[Your instructions]:
Copy out the whole listing exactly as written, leaving the pictures behind.

------------

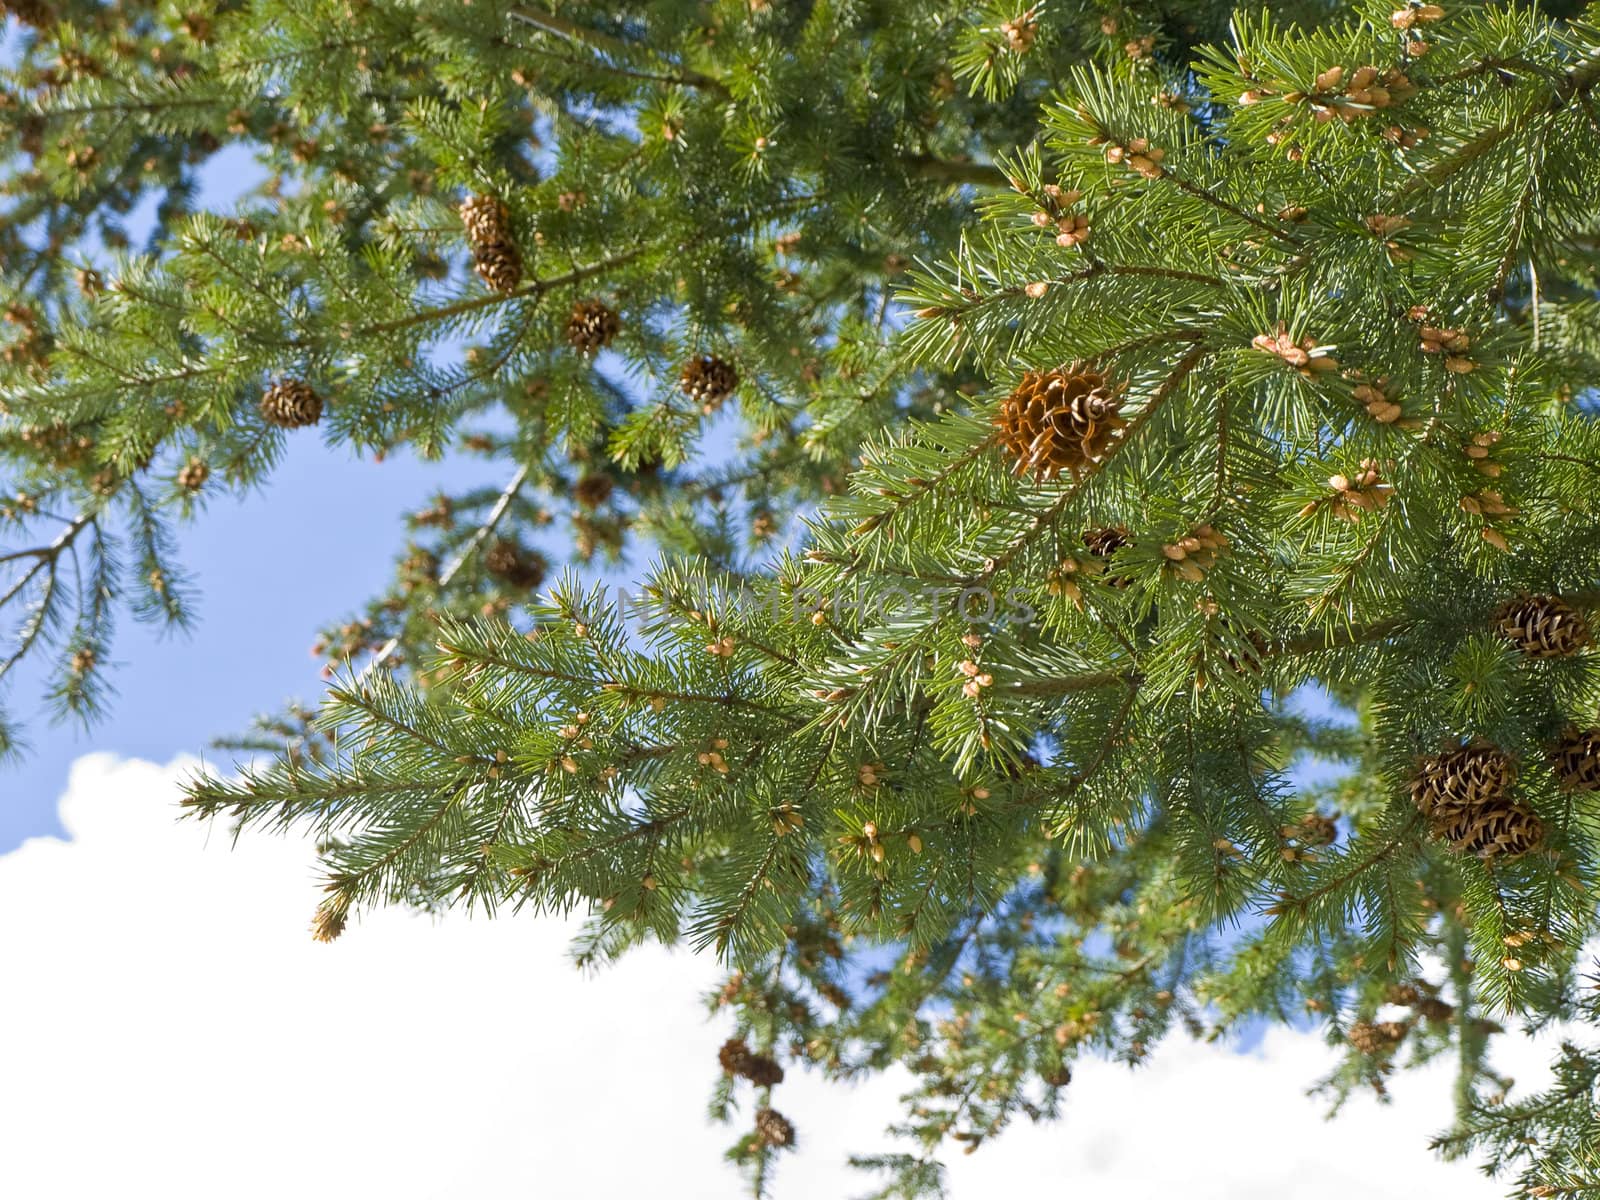 Branches of the pine tree with new strobiles against the blue sky
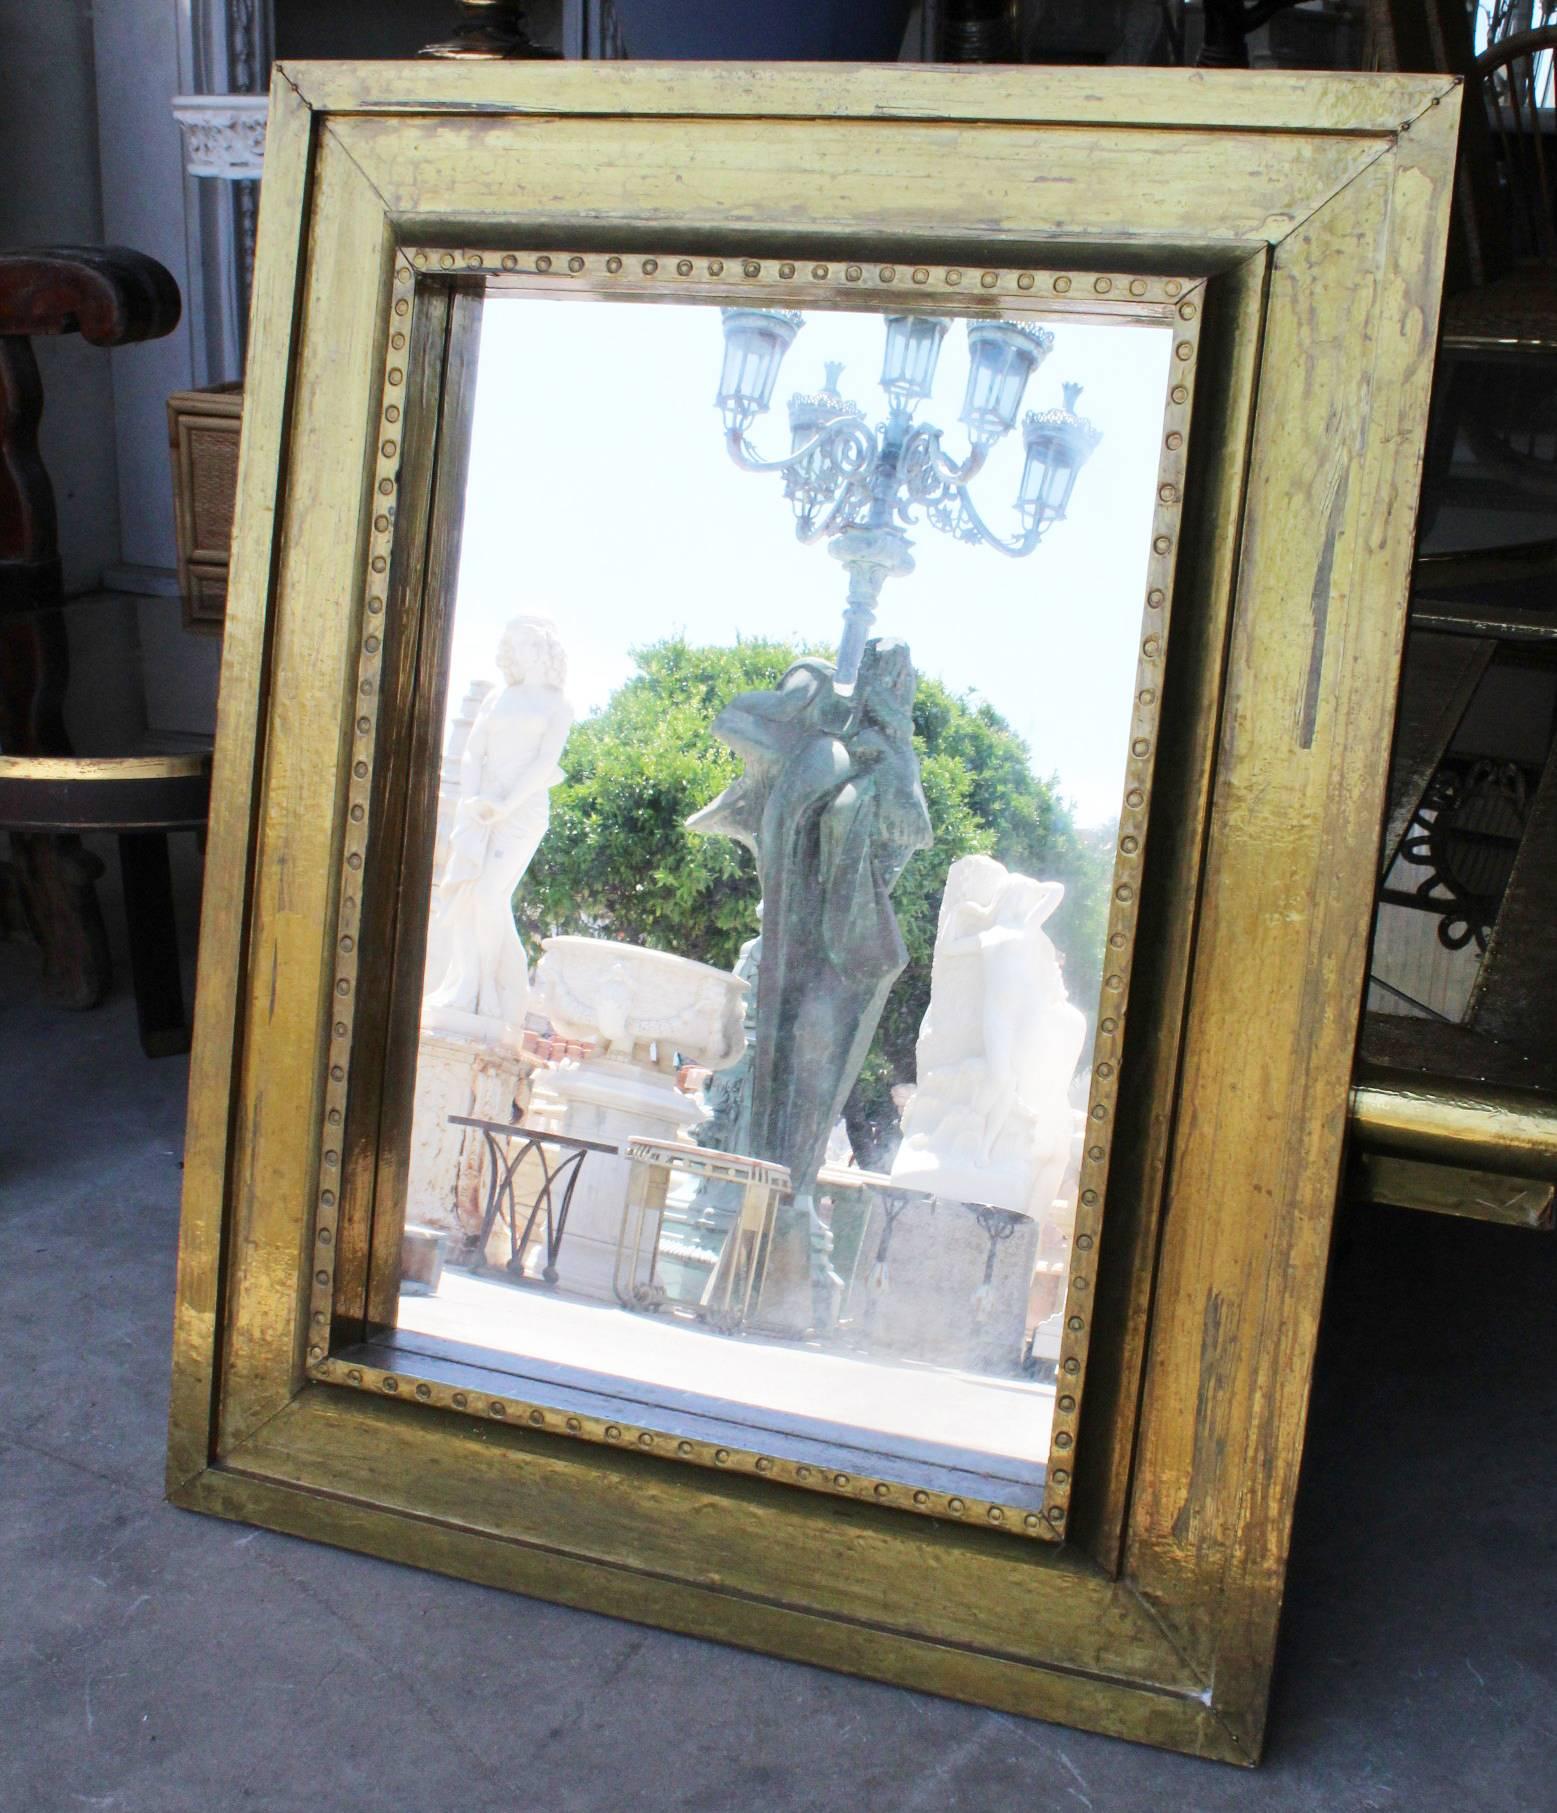 1970s handcrafted gilded brass panels stamped over a wooden frame mirror by Rodolfo Dubarry's workshop in Marbella. 

50 years ago, Argentinian furniture designer Rodolfo Dubarry set up a workshop in Spain and popularised the use of gilded brass
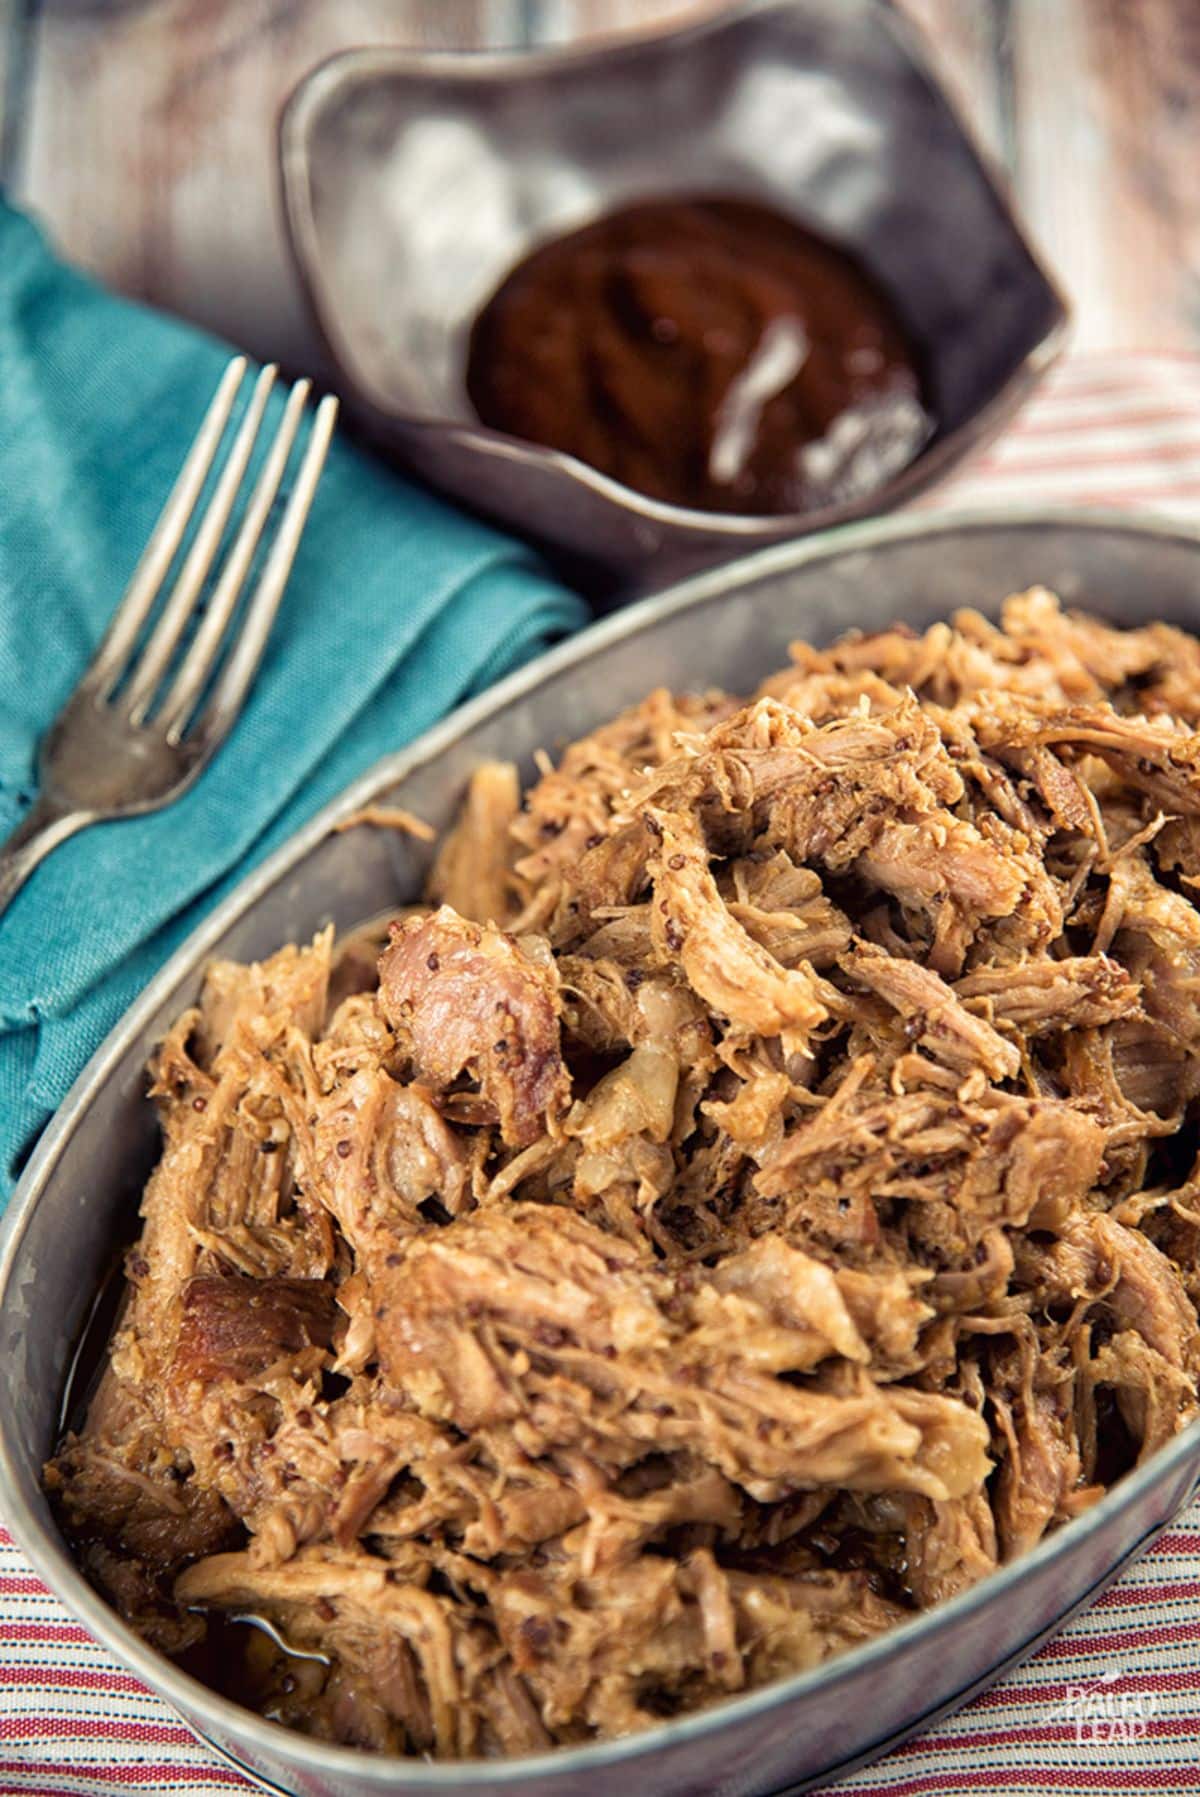 Pulled Pork With BBQ Mustard Sauce
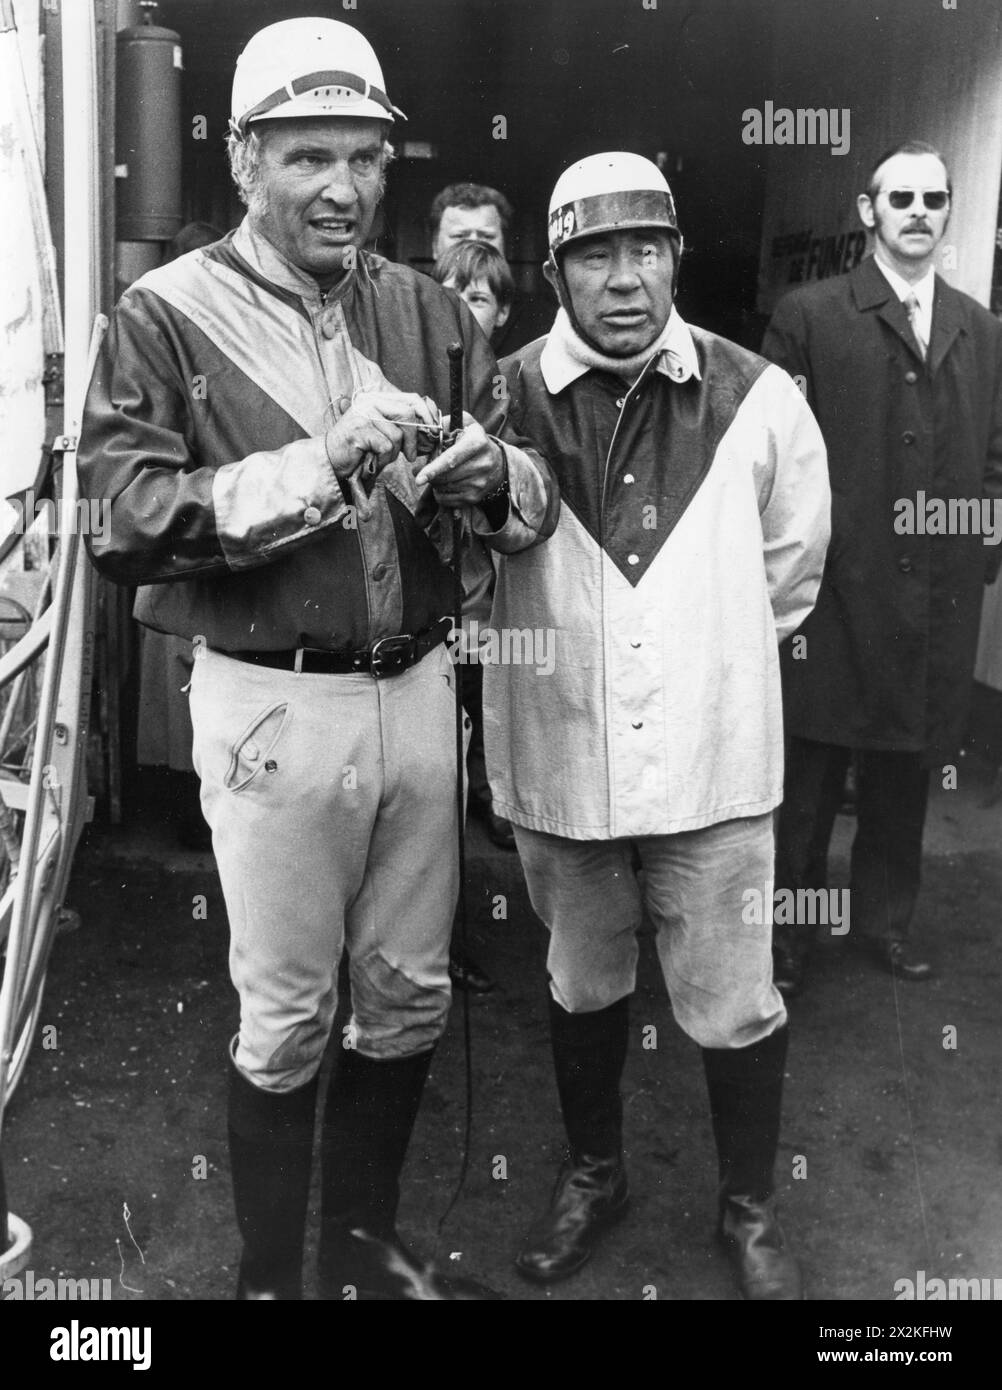 Schmid, Helmut, 8.4.1925 - 18.7.1992, German actor, with Franz Muxeneder, celibrities trotting race, ADDITIONAL-RIGHTS-CLEARANCE-INFO-NOT-AVAILABLE Stock Photo

------------

[Task response]:
 Branches of the pine tree with new strobiles against the blue sky
 1970s handcrafted gilded brass panels stamped over a wooden frame mirror by Rodolfo Dubarry's workshop in Marbella. 

50 years ago, Argentinian furniture designer Rodolfo Dubarry set up a workshop in Spain and popularised the use of gilded brass
 Pulled Pork With BBQ Mustard Sauce
 Schmid, Helmut, 8.4.1925 - 18.7.1992, German actor, with Franz Muxeneder, celibrities trotting race, ADDITIONAL-RIGHTS-CLEARANCE-INFO-NOT-AVAILABLE Stock Photo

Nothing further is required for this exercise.